What I'm unsure of is how to properly grant access to those two lists. Because declaration order of both facet categories and items is visible to the user, I can't use sets, but the class also shouldn't allow duplicate categories or items. Furthermore, I'd like to make the Collection object as easy to use as possible. So my choices are:

  1. Have PivotCollection implement IList<PivotItem> and have accessor methods for FacetCategory: In this case, one would add an item to Collection foo by writing foo.Add(bar). This works, but since a Collection is equally both kinds of list making it only pass as a list for one type (category or item) seems like a subpar solution.

  2. Create nested wrapper classes for List (CategoryList and ItemList). This has the advantage of making a consistent interface but the downside is that these properties would no longer be able to serve as lists (because I need to override the non-virtual Add method I have to implement IList rather than subclass List. Implicit casting wouldn't work because that would return the Add method to its normal behavior.

Also, for reasons I can't figure out, IList is missing an AddRange method...

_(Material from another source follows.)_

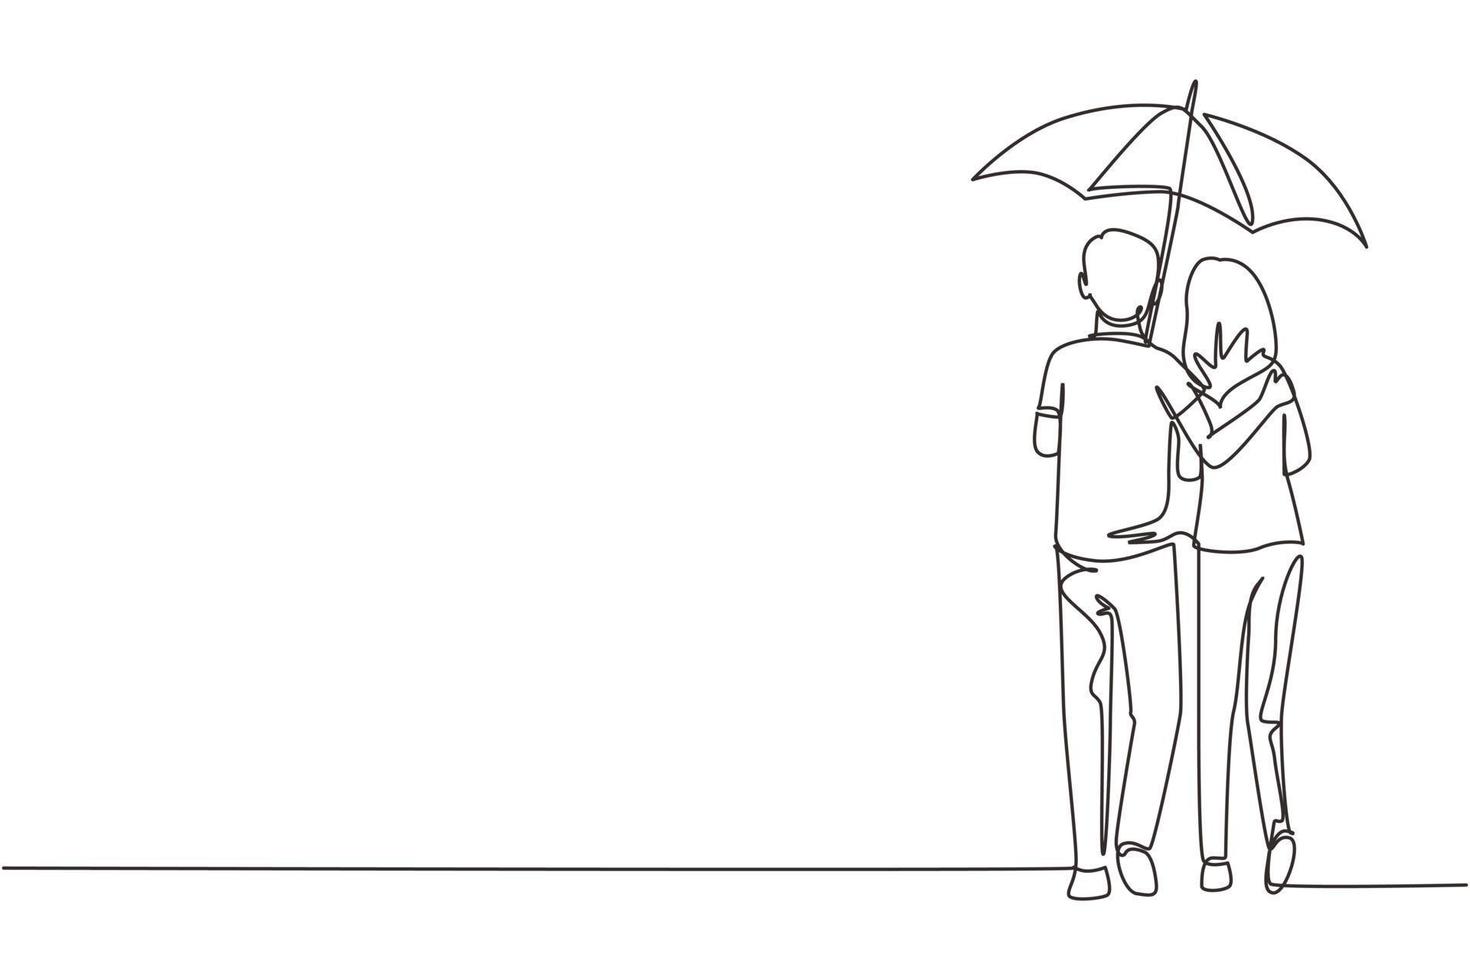 Continuous one line drawing back view lovers couple in rain. Couple in love walking under rain with umbrella. Happy man and woman are walking along city street. Single line draw design vector graphic

public class PivotCollection
{
    private class CategoryList: IList<FacetCategory>
    {
        // ...
    }

    private readonly CategoryList categories = new CategoryList();
    private readonly ItemList items = new ItemList();

    public CategoryList FacetCategories
    {
        get { return categories; }
        set { categories.Clear(); categories.AddRange(value); }
    }

    public ItemList Items
    {
        get { return items; }
        set { items.Clear(); items.AddRange(value); }
    }
}

Finally, the third option is to combine options one and two, so that PivotCollection implements IList<PivotItem> and has a property FacetCategories.

Question: Which of these three is most appropriate, and why?